The Path: What Chinese Philosophers Can Teach Us About the Good Life - Softcover

Puett, Michael

 
9781476777849: The Path: What Chinese Philosophers Can Teach Us About the Good Life

Inhaltsangabe

For the first time, an award-winning Harvard professor shares his wildly popular course on classical Chinese philosophy, showing you how ancient ideas—like the fallacy of the authentic self—can guide you on the path to a good life today.

Why is a course on ancient Chinese philosophers one of the most popular at Harvard? Because it challenges all our modern assumptions about what it takes to flourish.

Astonishing teachings emerged two thousand years ago through the work of a succession of Chinese scholars exploring how humans can improve themselves and their society. And what are these counterintuitive ideas? Transformation comes not from looking within for a true self, but from creating conditions that produce new possibilities. Good relationships come not from being sincere and authentic, but from the rituals we perform within them. A good life emerges not from planning it out, but through training ourselves to respond well to small moments. Influence comes not from wielding power but from holding back. Excellence comes from what we choose to do, not our natural abilities.

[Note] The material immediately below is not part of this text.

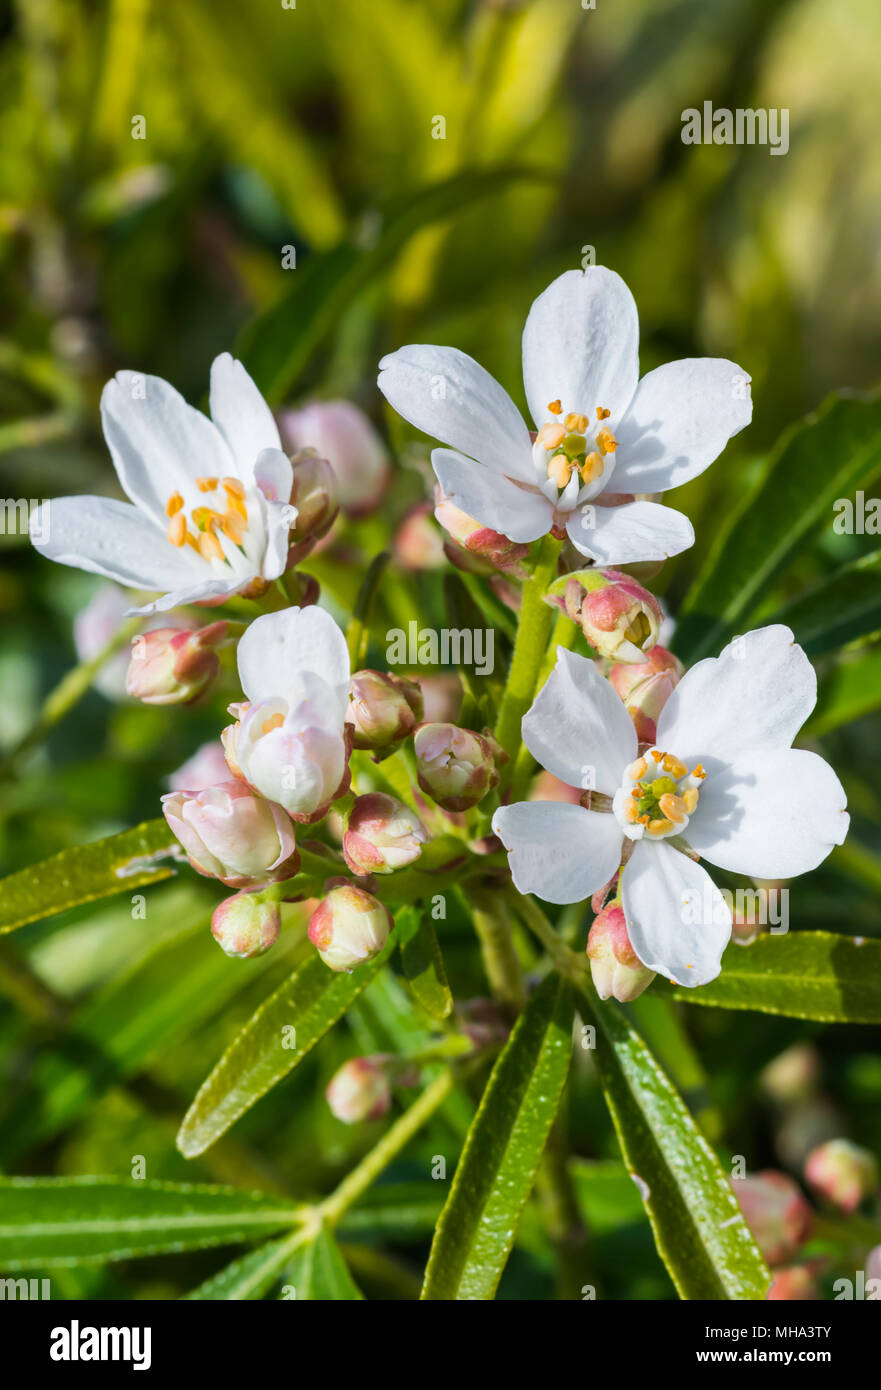 Small white flowers of the Mexican Orange Blossom (Choisya ternata) in late Spring/early Summer in West Sussex, England, UK. Portrait. Stock Photo

In other words, The Path “opens the mind” (Huffington Post) and upends everything we are told about how to lead a good life. Its most radical idea is that there is no path to follow in the first place—just a journey we create anew at every moment by seeing and doing things differently. “With its…spirited, convincing vision, revolutionary new insights can be gleaned from this book on how to approach life’s multifarious situations with both heart and head” (Kirkus Reviews).

A note from the publisher: To read relevant passages from the original works of Chinese philosophy, see our ebook Confucius, Mencius, Laozi, Zhuangzi, Xunzi: Selected Passages, available wherever books are sold.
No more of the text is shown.